The EEs in AWX are just Pods on Kubernetes. When executing a Job Template in AWX, AWX instructs Kubernetes to create a Pod using the specified EE image. Of course Kubernetes requires the specified container image when creating the Pod. So while creating the Pod, Kubernetes usually pulls the specified image from the container registry.

But this happens only if the image is not cached on the container runtime for Kubernetes. If Kubernetes has the cache of the specified image, Kubernetes never pulls the image from the container registry (Technically, this is the default behavior and stated as imagePullPolicy is IfNotPresent).

This means that if your Kubernetes has all the EE images you need in its cache in advance, you can use any EE from AWX without any container registry. To achieve this, you should export your EE image from Docker or Podman, and import it to containerd that the container runtime for K3s.

# Save your EE image as Tar file
docker save registry.example.com/ansible/ee:2.15-custom -o custom-ee.tar

# Import the Tar file to containerd
sudo $(which k3s) ctr images import --compress-blobs --base-name registry.example.com/ansible/ee:2.15-custom custom-ee.tar

Ensure your imported image is listed.

$ sudo $(which k3s) crictl images
IMAGE                             TAG           IMAGE ID            SIZE
...
registry.example.com/ansible/ee   2.15-custom   34147e320cd92       295MB
...

Now you can specify registry.example.com/ansible/ee:2.15-custom as your own custom EE in AWX without any container registry and any credentials.

In AWX, you can change the policy of pulling the image in Edit page of your EE. The default Only pull the image if not present before running is ok, but to be safe you should specify Never pull container before running.

Use EE in Ansible Runner

Refer to the guide for Ansible Runner on this repository.

Tips

Some additional information around Ansible Builder and EE.

Get the Dockerfile of your custom EE

The Dockerfile is generated and stored under the context directory once your ansible-builder build command has completed.

$ cat context/Dockerfile
ARG EE_BASE_IMAGE="quay.io/centos/centos:stream9-minimal"
...

# Base build stage
FROM $EE_BASE_IMAGE as base
...

# Galaxy build stage
FROM base as galaxy
...

# Builder build stage
FROM base as builder
...

# Final build stage
FROM base as final
...

If you want to create Dockerfile without building an image, you can use the ansible-builder create command.

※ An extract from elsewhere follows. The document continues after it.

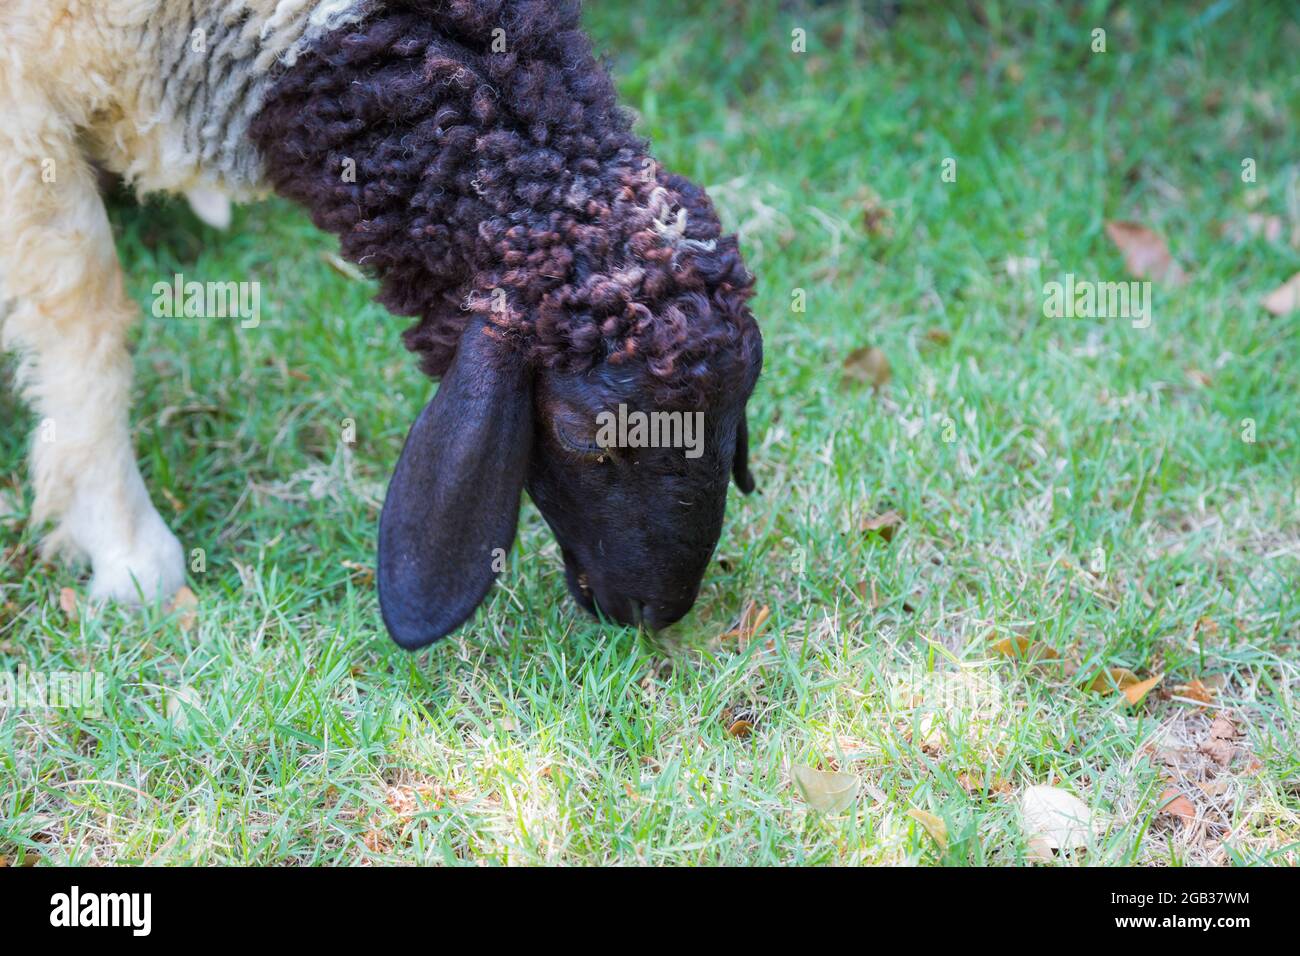 Close up of the face of a lamb eating grass background Stock Photo

$ ansible-builder create --verbosity 3
Ansible Builder is generating your execution environment build context.
File context/_build/requirements.yml will be created.
File context/_build/requirements.txt will be created.
File context/_build/bindep.txt will be created.
Creating context/_build/configs
File context/_build/configs/ansible.cfg will be created.
File context/_build/scripts/assemble will be created.
File context/_build/scripts/install-from-bindep will be created.
File context/_build/scripts/introspect.py will be created.
File context/_build/scripts/check_galaxy will be created.
File context/_build/scripts/check_ansible will be created.
File context/_build/scripts/pip_install will be created.
File context/_build/scripts/entrypoint will be created.
Complete! The build context can be found at: /home/********/awx-on-k3s/builder/context

Use Ansible collections without custom EE

If you simply need additional Ansible collections only, and no additional Pip or RPM packages are required, this method is the simplest way. However, this method can't be applied for Manual type projects. If you want to add your project as Manual type, you should build custom EE.

The procedure is quite simple, create and place collections/requirements.yml in your project root including the list of the collections that you want to use.

The format of collections/requirements.yml is the same as the requirements.yml for ansible-galaxy.

If collections/requirements.yml is present in your project, AWX will install the collections accordingly while updating project.